* **DATA PROVIDED**:
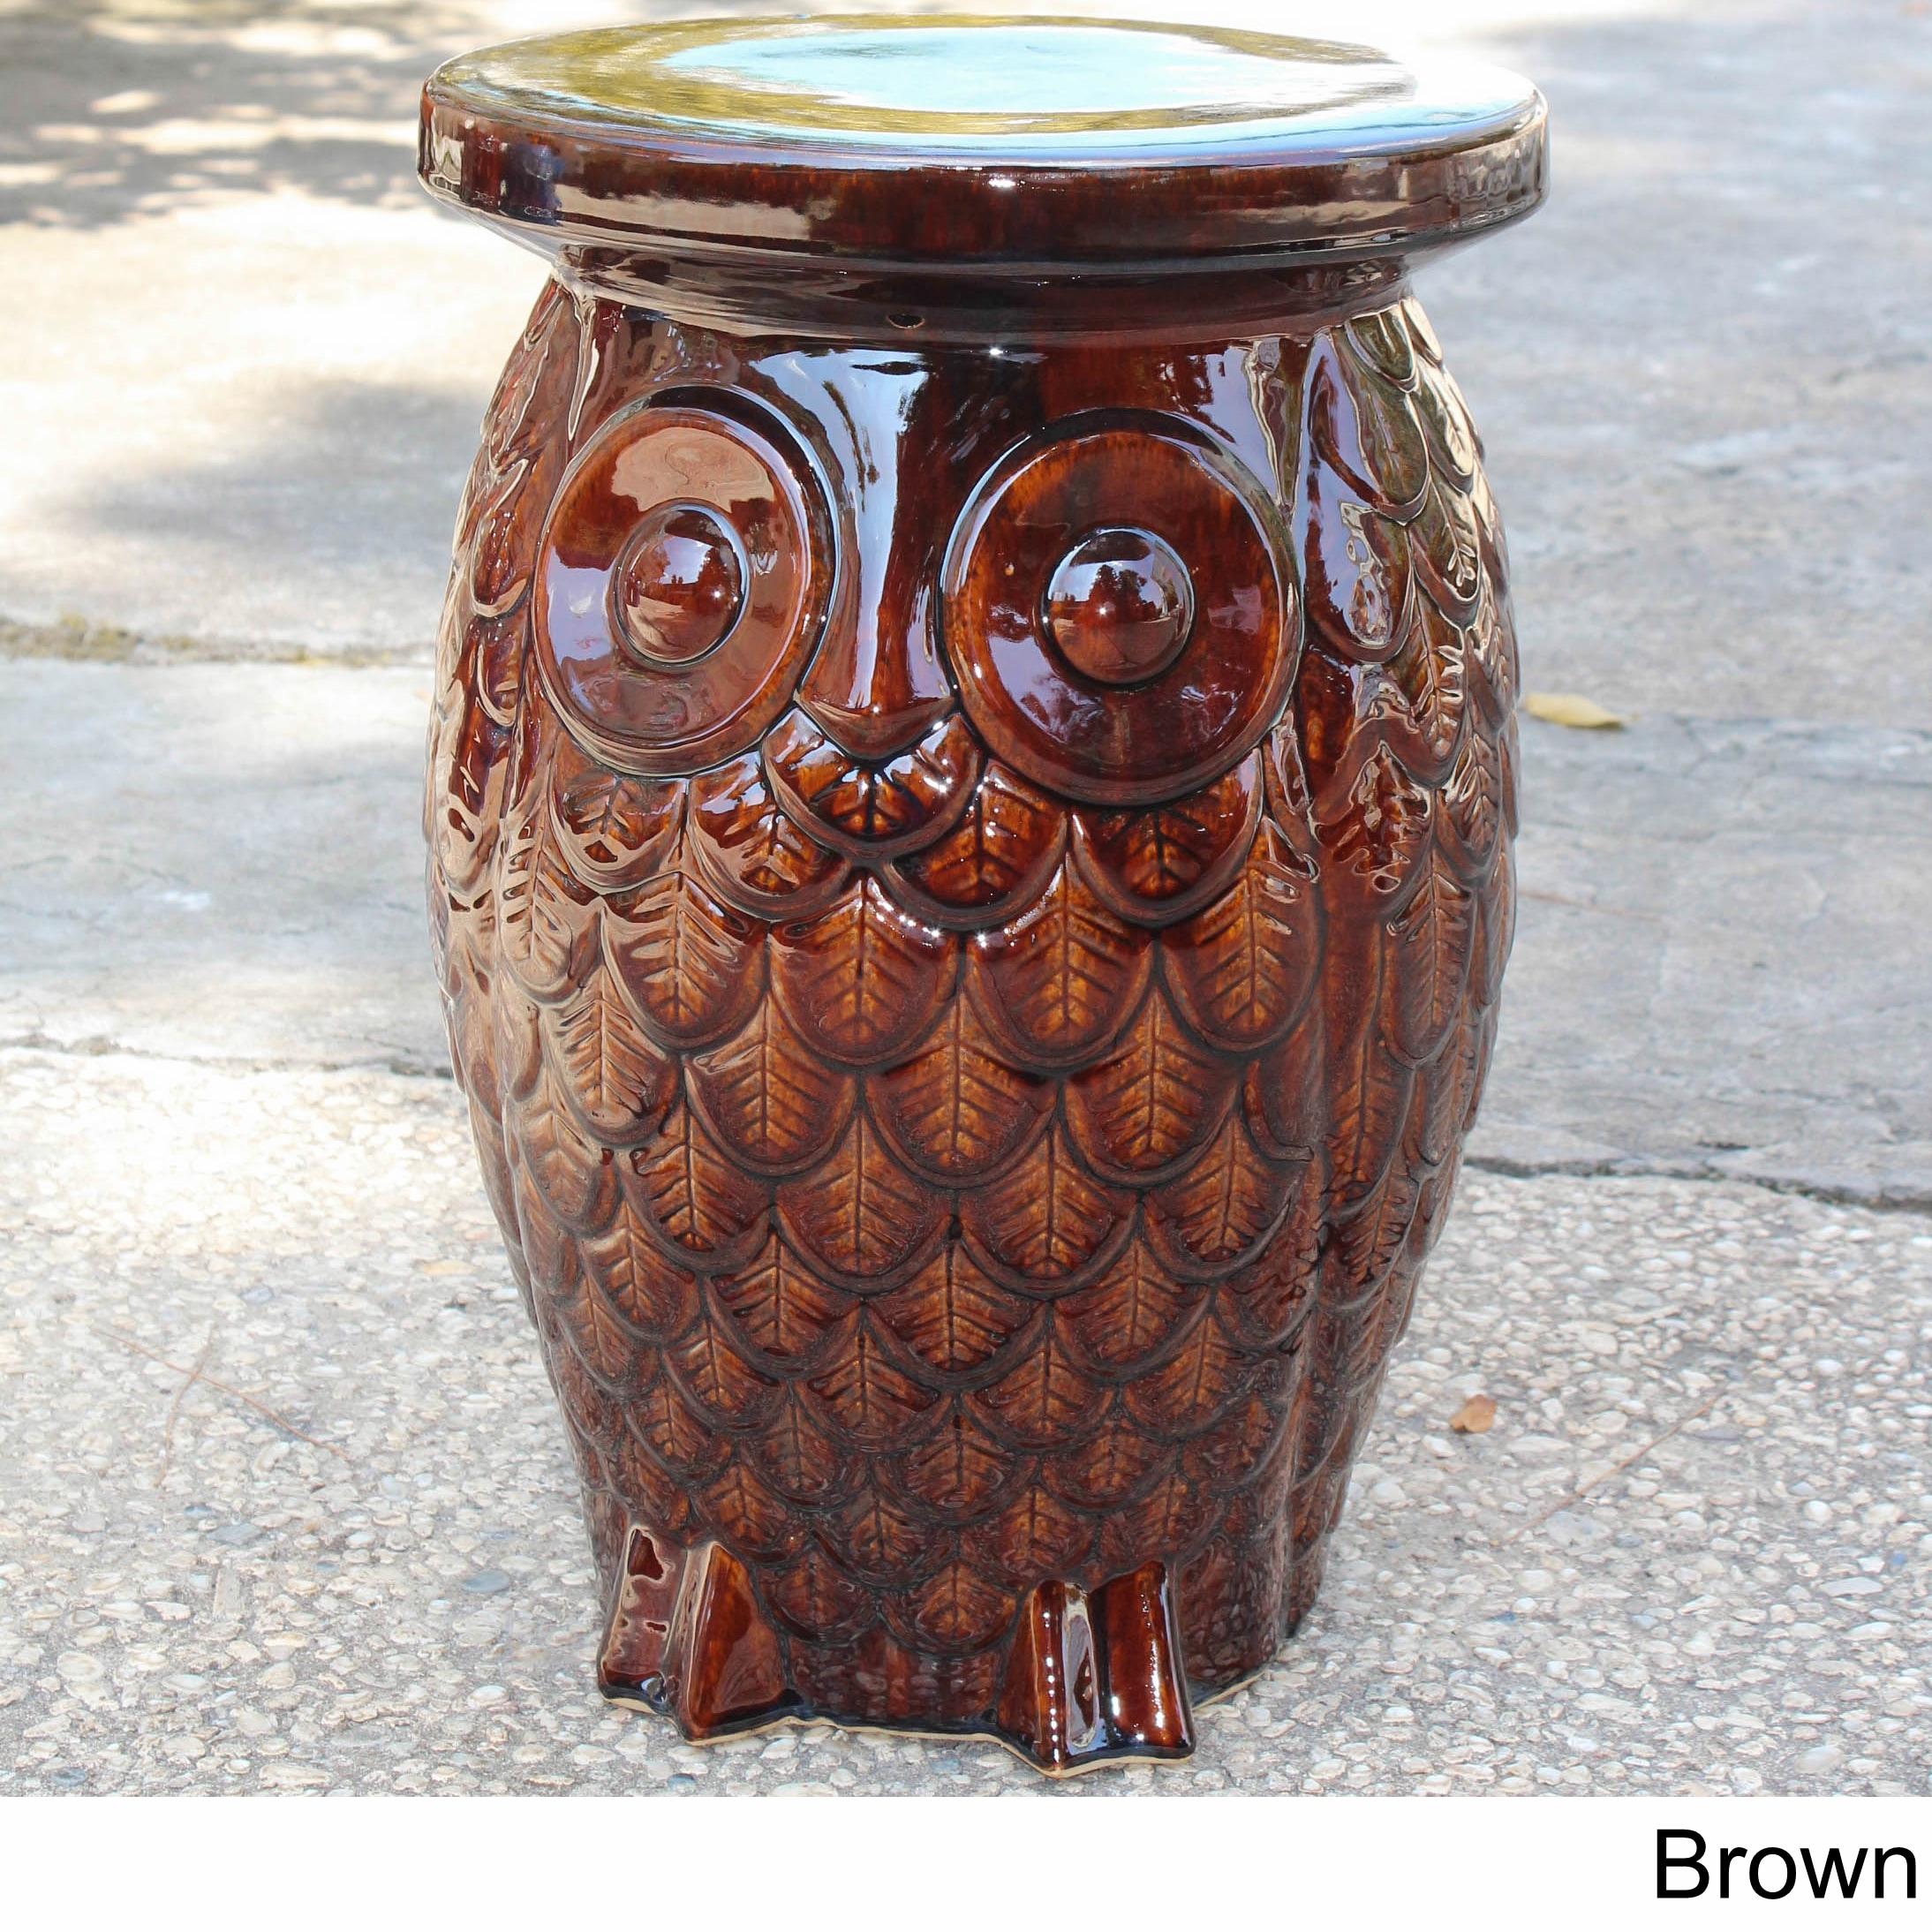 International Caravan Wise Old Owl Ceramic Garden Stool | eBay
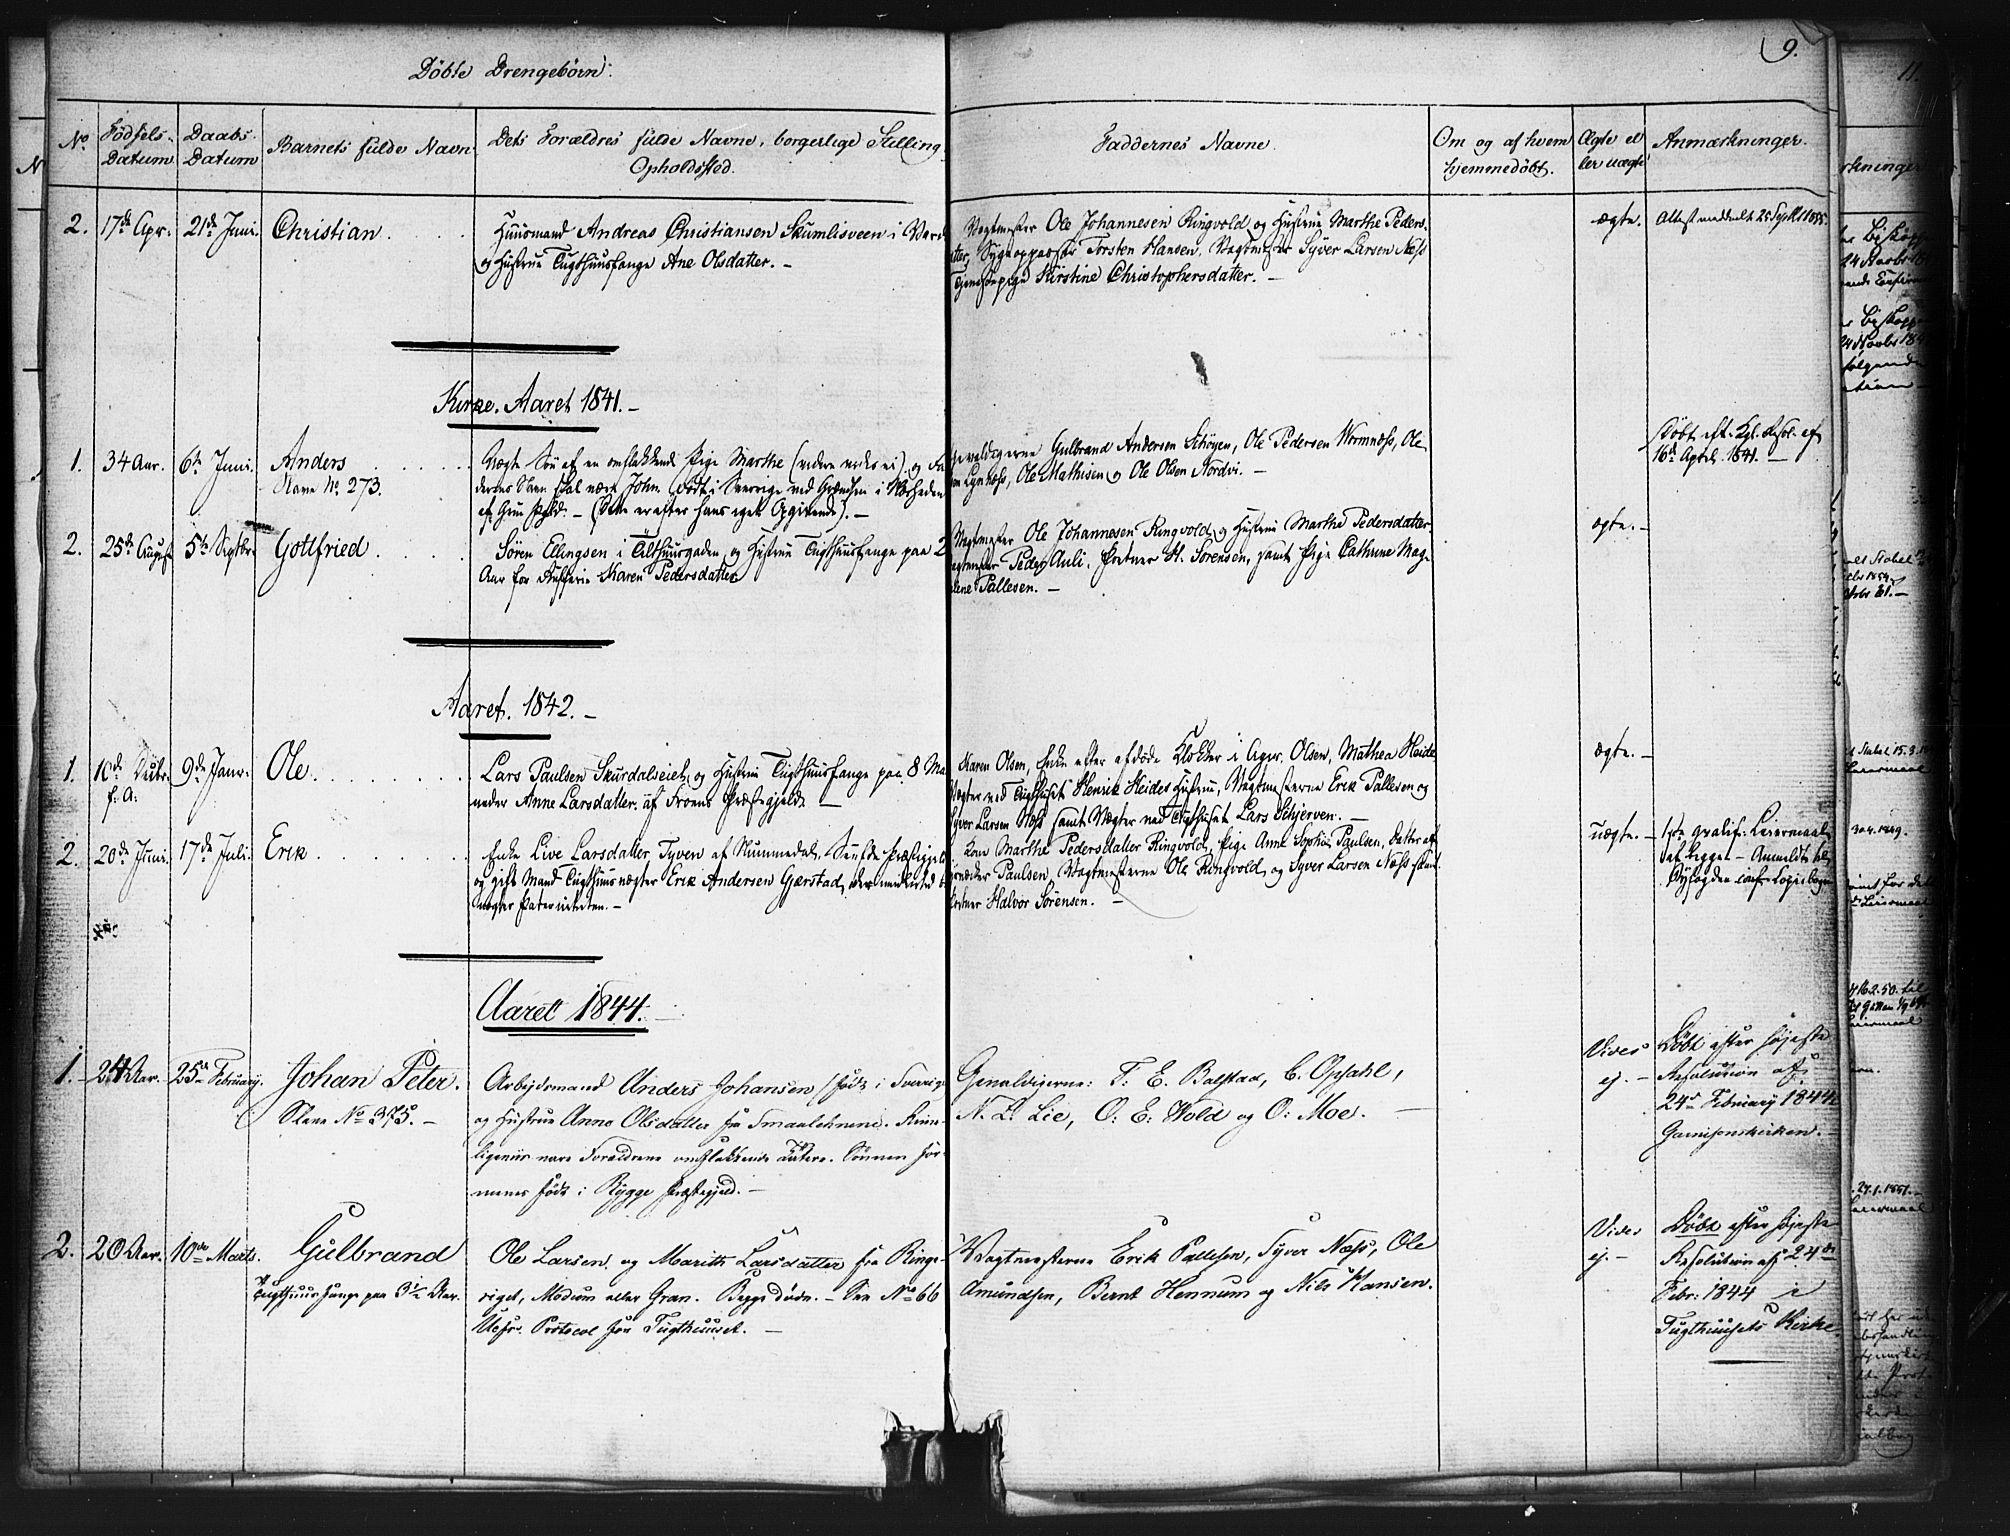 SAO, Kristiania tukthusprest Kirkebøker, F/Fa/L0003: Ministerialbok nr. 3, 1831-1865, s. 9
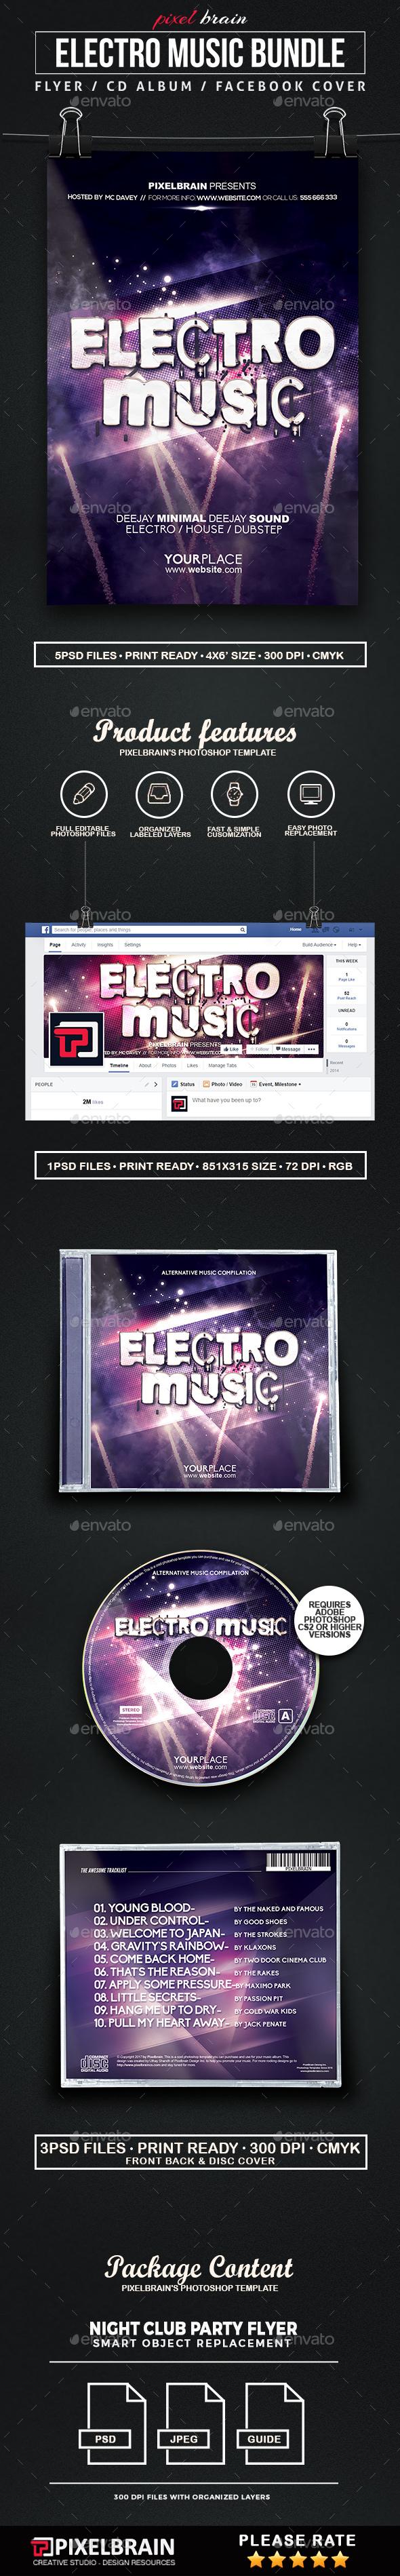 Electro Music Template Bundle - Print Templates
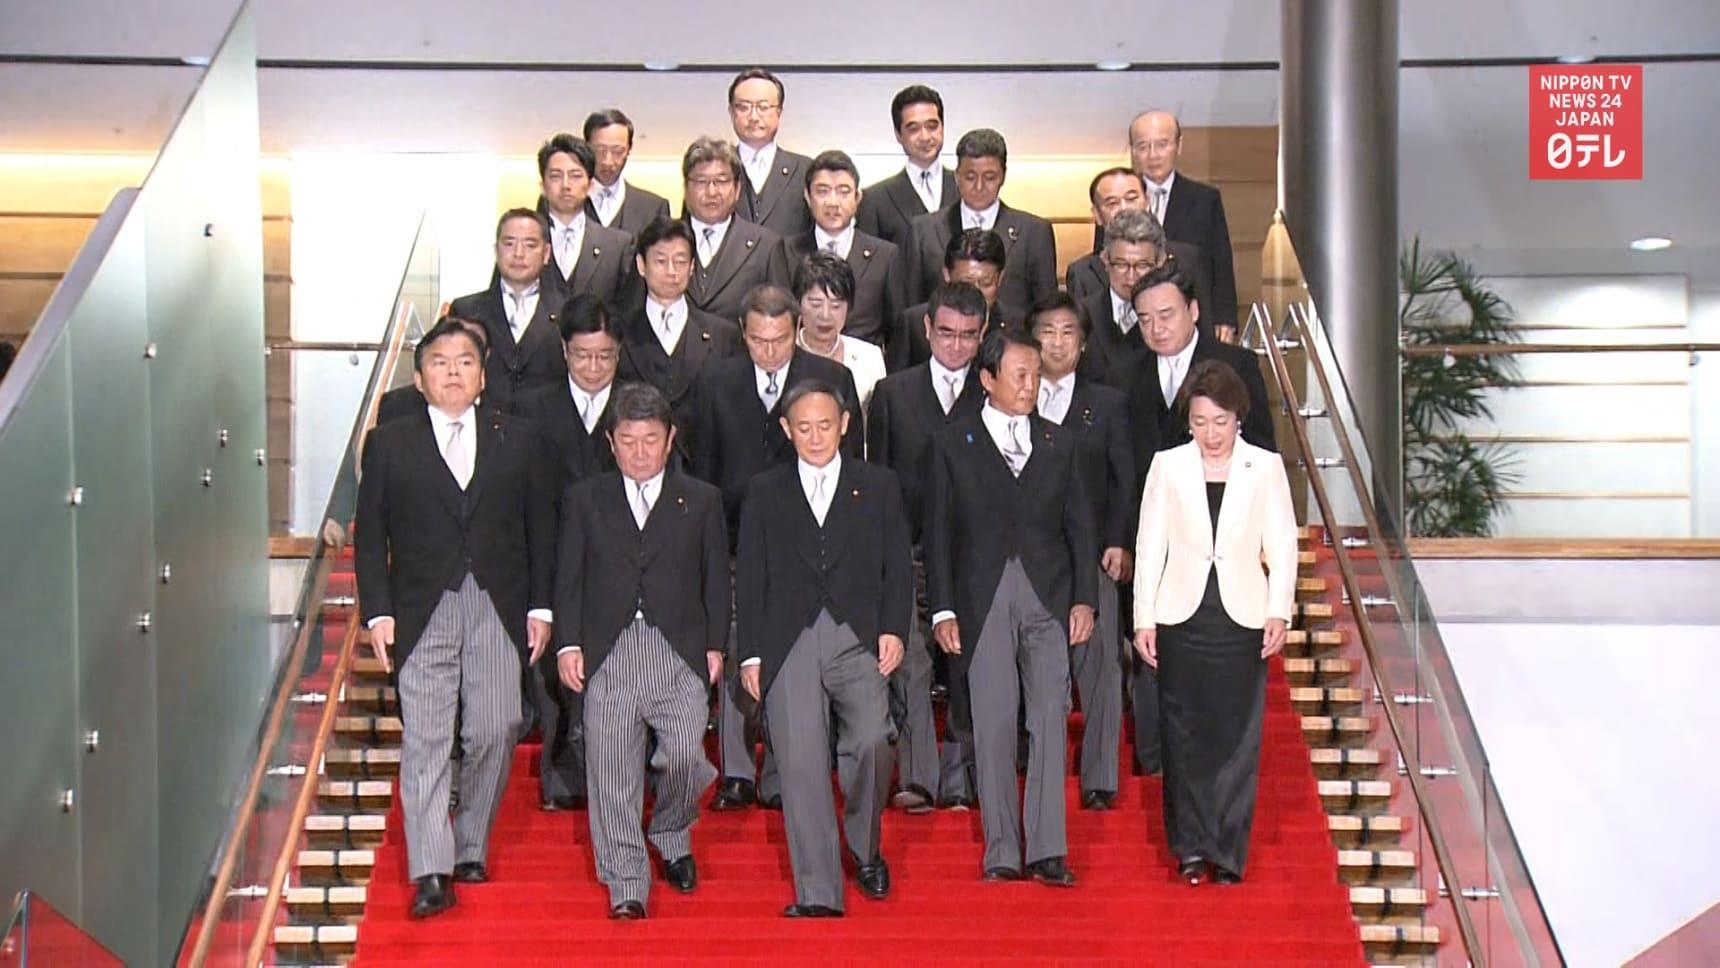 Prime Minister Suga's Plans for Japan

* **WHAT IS NEEDED**: Copy out the whole listing exactly, and don't carry over any pictures.

* **RESPONSE**:
 International Caravan Wise Old Owl Ceramic Garden Stool | eBay
 SAO, Kristiania tukthusprest Kirkebøker, F/Fa/L0003: Ministerialbok nr. 3, 1831-1865, s. 9
 Electro Music Template Bundle - Print Templates
 Prime Minister Suga's Plans for Japan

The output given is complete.